Another important finding in this case was that tumor‐infiltrating B cells were prominent. B cells can inhibit tumor growth through antigen presentation to T cells, immunostimulatory cytokine secretion, and direct tumor cell killing.10 In non‐small cell lung cancer, tumor‐infiltrating B cells were correlated with favorable survival.8, 11 In contrast, the subsets of B cells, known as regulatory B cells, can promote tumor growth, although a common marker of regulatory B cells has not been identified. Regulatory B cells frequently express IL‐10, PD‐L1, and PD‐1, which inhibit T cell function through the expansion of regulatory T cells.12 In the present case, B cells did not express PD‐L1 or PD‐1, and few regulatory T cells were observed. The present findings encourage further investigation to evaluate how much tumor‐infiltrating B cells contribute to anti‐tumor activity.

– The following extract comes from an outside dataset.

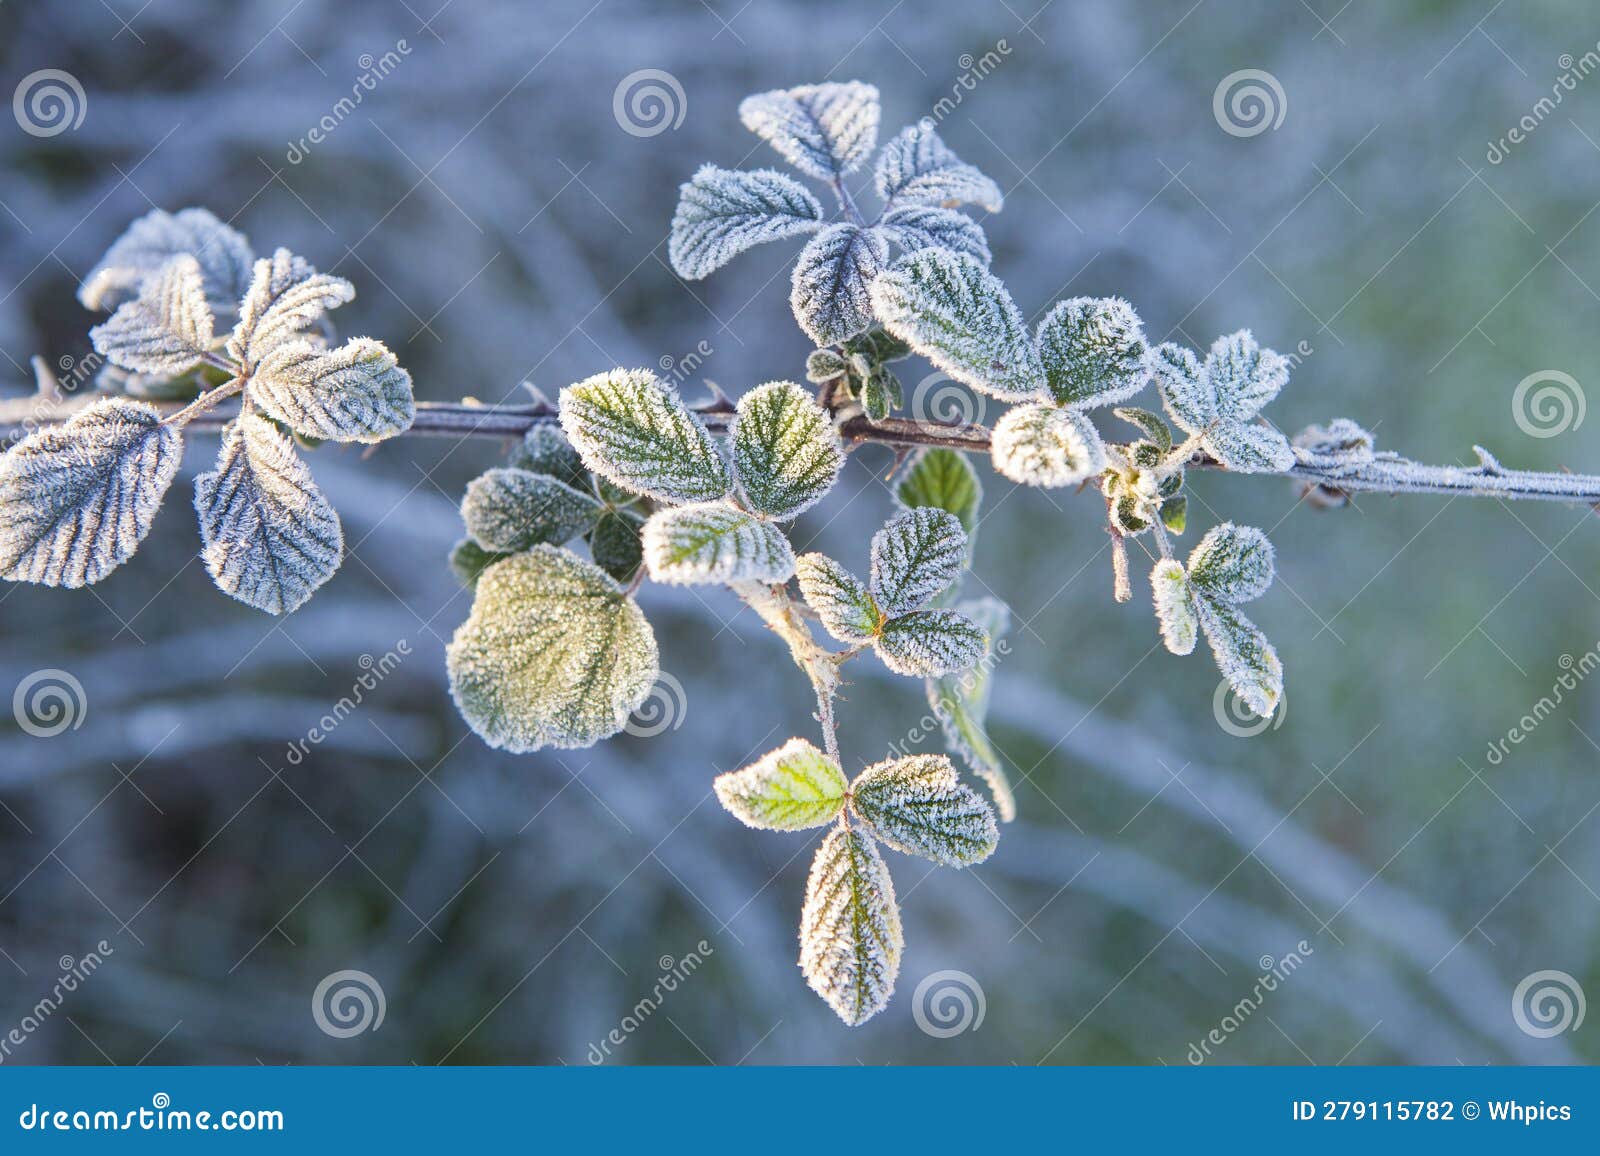 frost plant of wild blackberry or rubus ulmifolius

A limitation regarding the clinical course of our patient needs to be considered. The axillary lymph node specimen was obtained before treatment with nivolumab, thus little is known of the effects of nivolumab on B cells. The PD‐1 blocker, pembrolizumab, is reported to increase the number of intratumoral B cells, as well as T cells.13 In a mouse model, PD‐1 blockade enhanced the response to the antigen‐specific antibody by promoting the accumulation of helper T cells.14 In a case of nivolumab‐induced interstitial nephritis, IgG+ plasma cells and T cells accumulated in the kidney.15 Nivolumab can facilitate humoral immunity against cancers, as well as cell‐mediated immunity. Investigations of humoral immunity using tissue biopsy specimens before and after nivolumab therapy may shed light on this issue.

In the present case, the antitumor activity of nivolumab may have been associated with pre‐existing humoral immunity. Further studies using a large cohort are needed to elucidate whether intratumoral B cells and antibodies could serve as candidate therapeutic biomarkers of PD‐1 blockade in some patients with lung cancer.

Disclosure

No authors report any conflict of interest.